Copy the listing that follows exactly. Its pictures do not belong in the copy.

MATERIAL PROVIDED ▸
--- --- ---

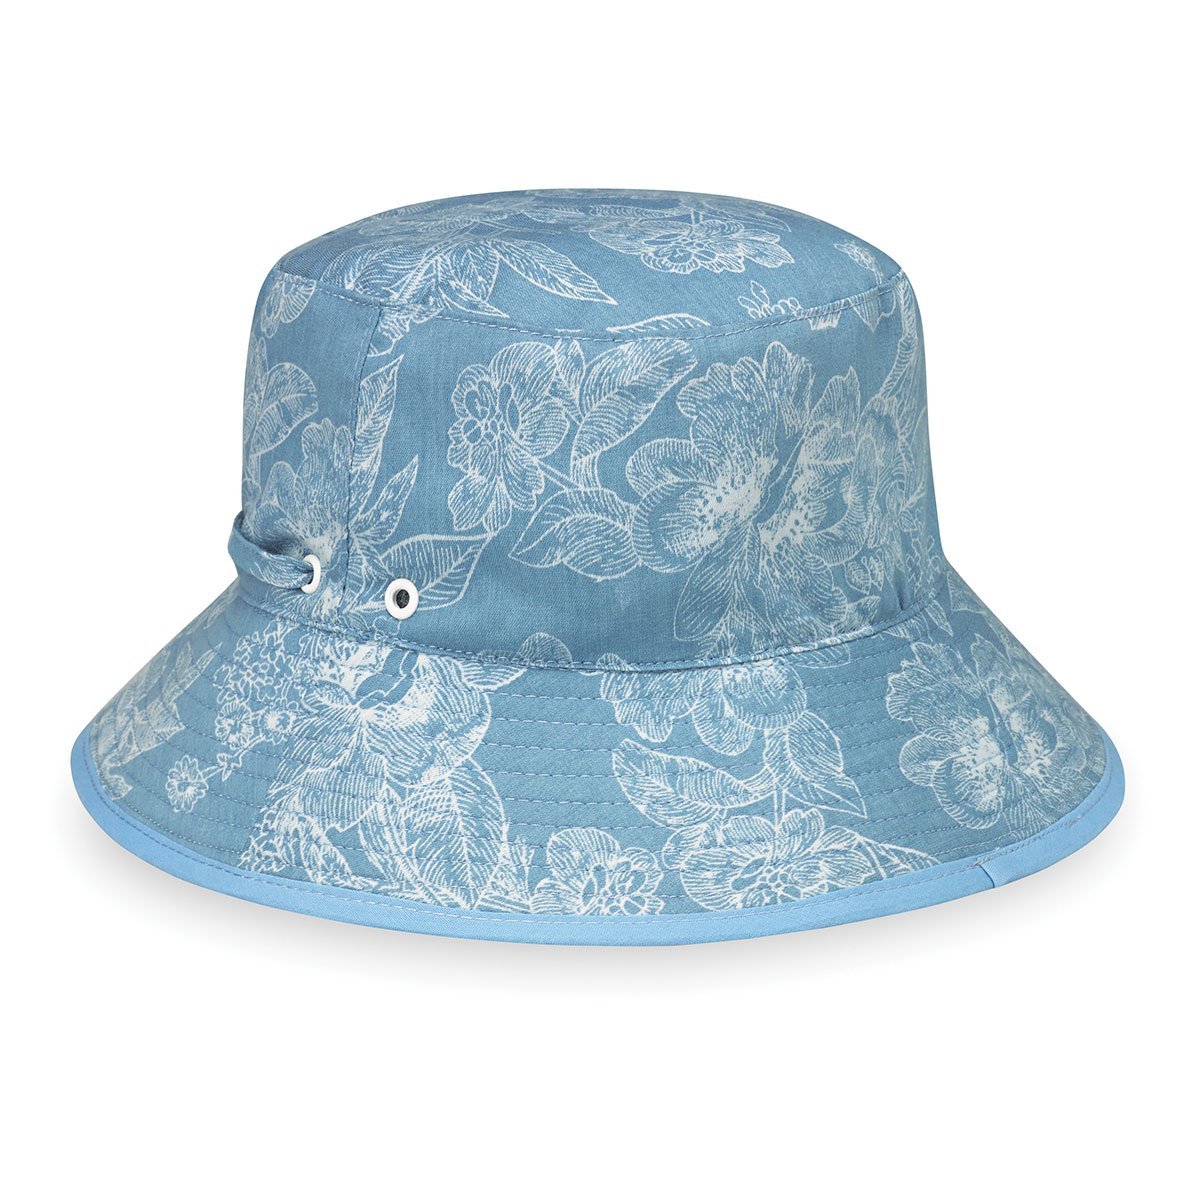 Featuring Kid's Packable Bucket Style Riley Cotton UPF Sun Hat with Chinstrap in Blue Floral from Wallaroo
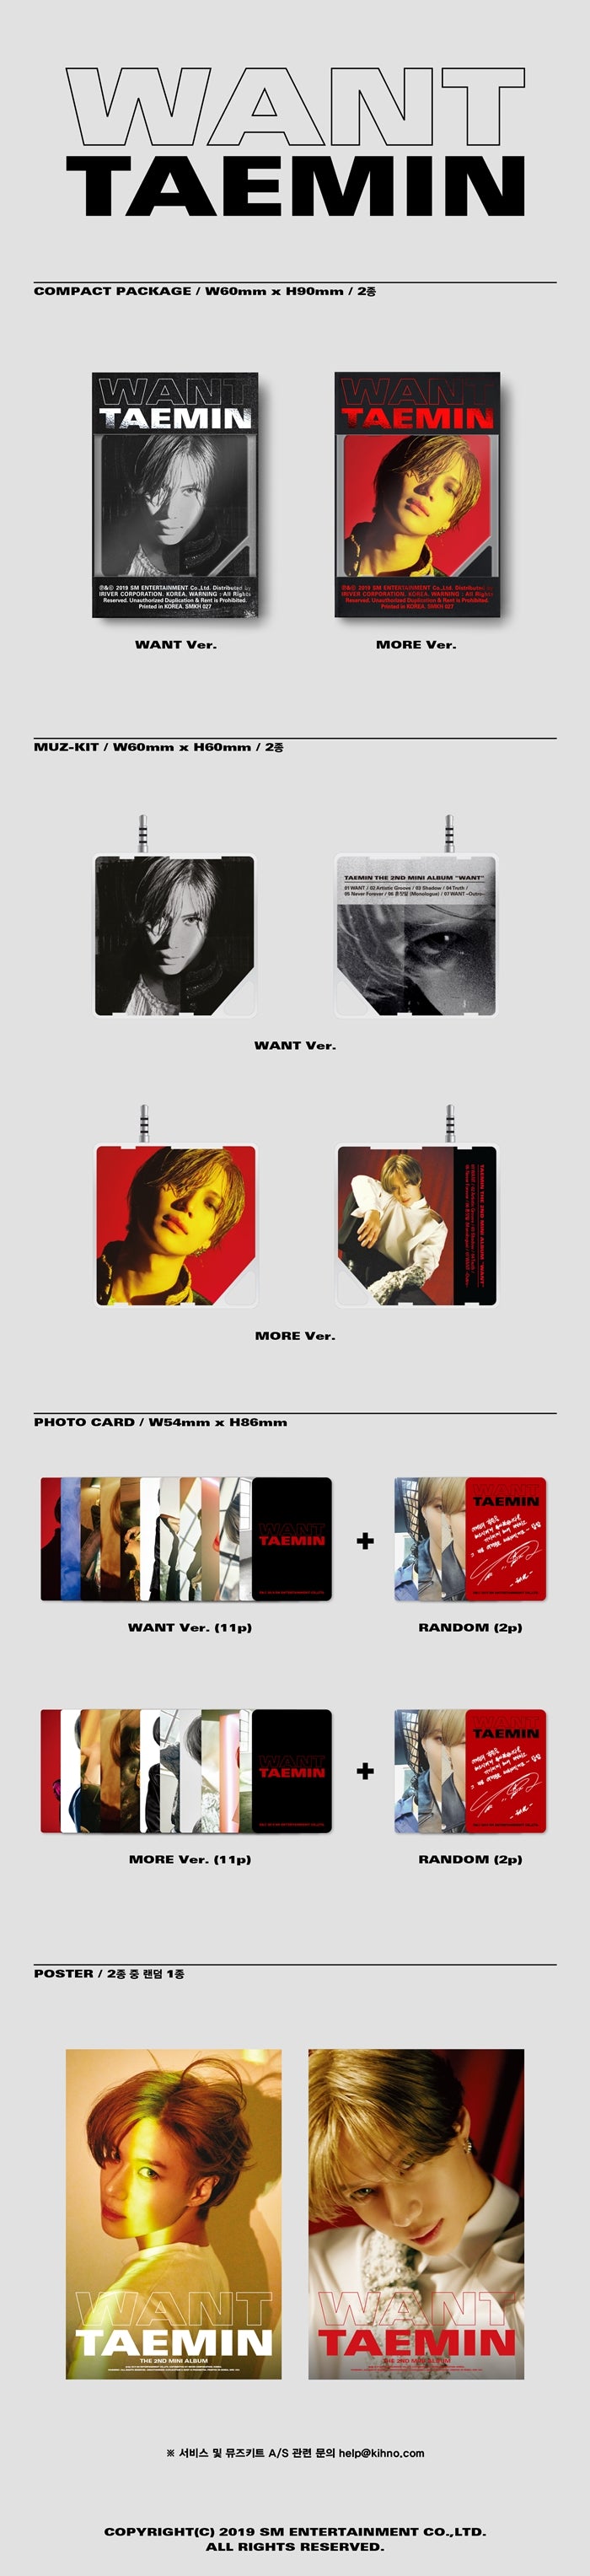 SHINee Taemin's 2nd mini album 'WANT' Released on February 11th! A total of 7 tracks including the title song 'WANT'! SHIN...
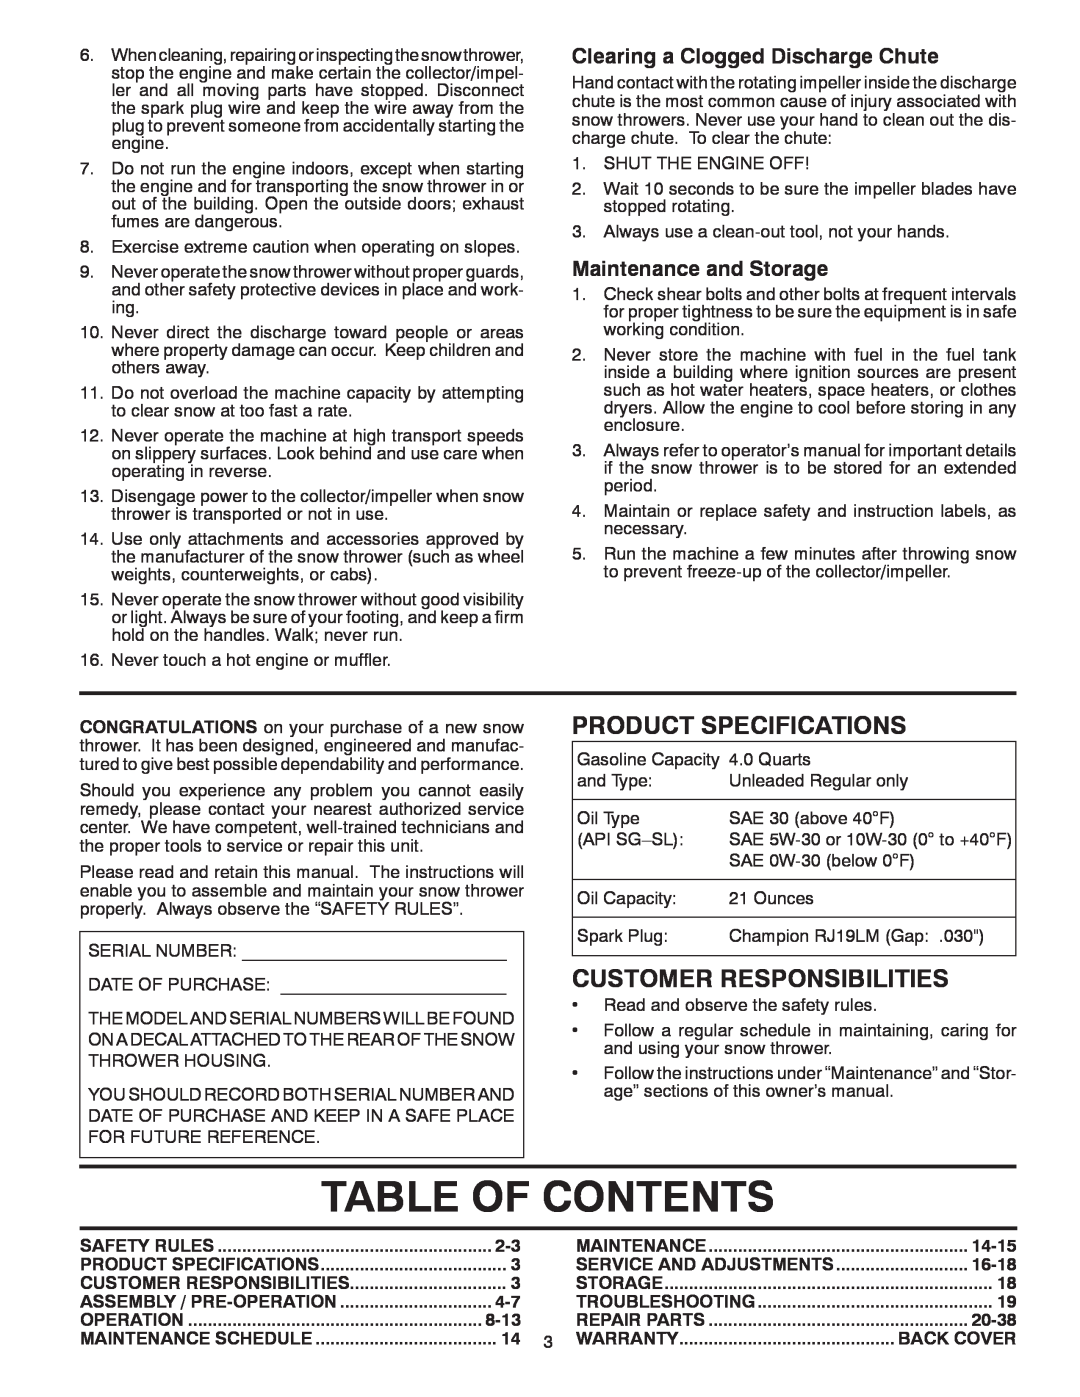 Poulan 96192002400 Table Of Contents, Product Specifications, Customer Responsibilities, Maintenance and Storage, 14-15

--- --- ---

RESPONSE AREA ▸
 Featuring Kid's Packable Bucket Style Riley Cotton UPF Sun Hat with Chinstrap in Blue Floral from Wallaroo
 SHINee Taemin's 2nd mini album 'WANT' Released on February 11th! A total of 7 tracks including the title song 'WANT'! SHIN...
 Poulan 96192002400 Table Of Contents, Product Specifications, Customer Responsibilities, Maintenance and Storage, 14-15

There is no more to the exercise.